Rick and Kenny go back years, crossing paths on Oahu and Molokai, where the two spent time guiding fishing and hunting trips together long before Kenny ever set foot in Alaska. That history is what brought him to the Chrome Chasers team in 2021, and it shows on the water. Kenny guides the Fall Fishing and Foraging program each August and September, bringing the same precision and patience he developed chasing tailing fish on Hawaiian flats to Southeast Alaska's salmon streams, ocean grounds, and old-growth creek corridors.

Two more different fisheries are hard to imagine. He handles both without missing a beat.

Dori Matney

Dori Matney was born and raised in Bozeman, Montana. Her father farmed in the Dutch community of Churchill, just west of town, and spent his off seasons in real estate, always with an eye toward the next opportunity. Her mother worked as a registered nurse in the ICU. Dori grew up splitting time between the farm in the summers and helping her dad with his various real estate ventures, and that combination of land and an eye for opportunity has shaped the way she approaches everything since.

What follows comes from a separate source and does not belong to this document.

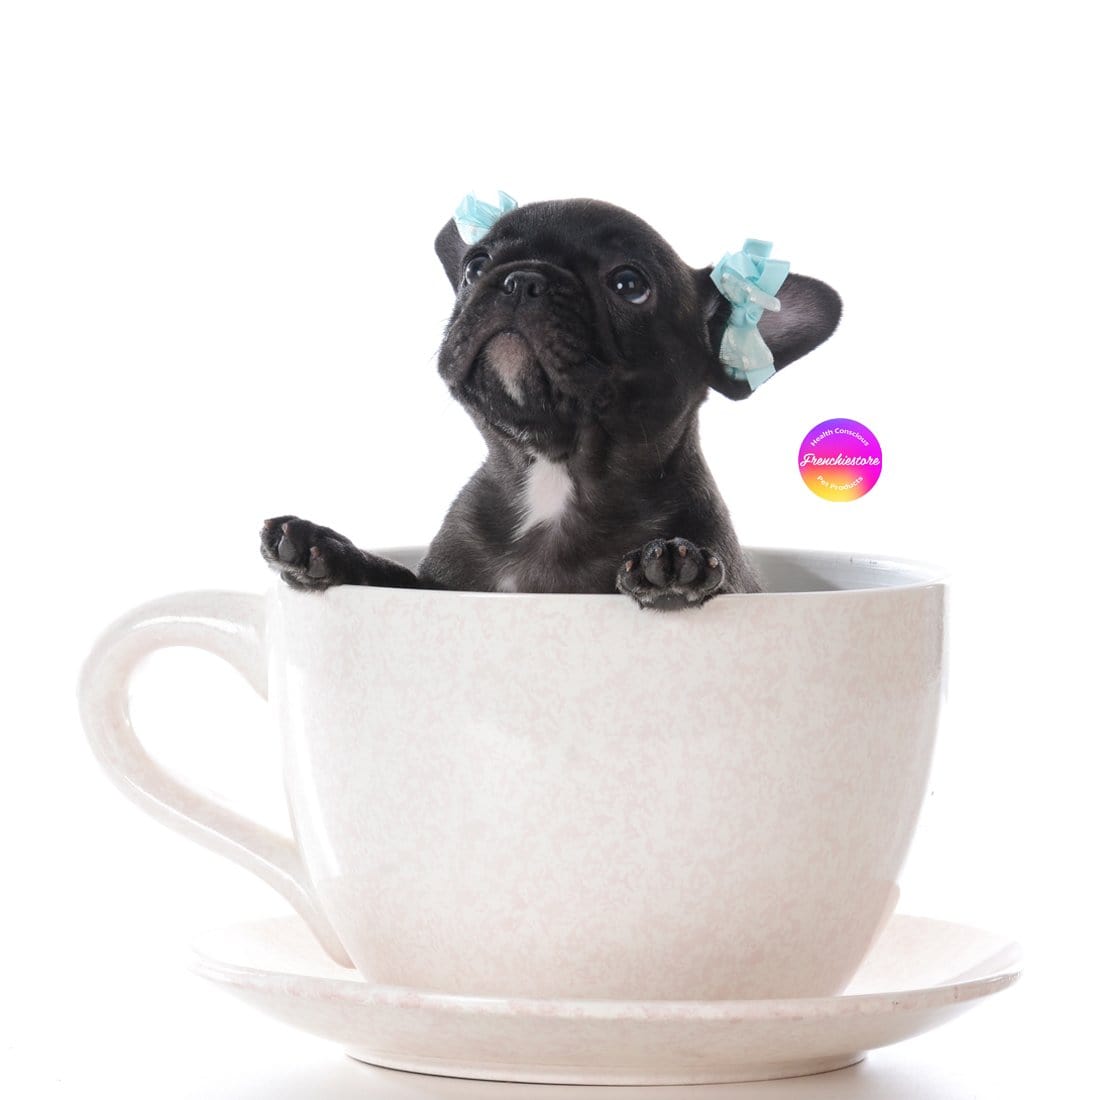 Mini / micro / teacup French Bulldog of rare colors tri lilac with tan points. Frenchie sitting in a tea cup mug

She spent a few years in real estate herself and genuinely loved it. That foundation is what pointed her and Rick toward the lodge in Alaska, and the knowledge she built during those years has allowed them to put down deeper roots in Bozeman, creating the base from which all of their businesses have grown.

At Chrome Chasers, Dori runs everything that keeps the week moving: reservations, correspondence, invoicing, the website, and the lodge itself. She's in the kitchen most mornings before guests are up and most evenings while Rick is still at the fillet table. She also handles the foraging side of the program with genuine enthusiasm — the mushrooms, the berries, the tides.

It's a life that takes her between Bozeman, Wrangell, and Hawaii, which is not the trajectory she would have drawn for herself. She grew up convinced Montana was the most beautiful place on earth and that she'd never need to go far to find it. Southeast Alaska changed that. The old-growth forest, the tides, the mountains dropping straight into the water — it got under her skin in a way she didn't expect. So did the people. Wrangell is a small, remote island community, and the people who choose to live there are a different breed entirely. Getting to know them, and that corner of the world, has left a mark. It turned out better than she imagined.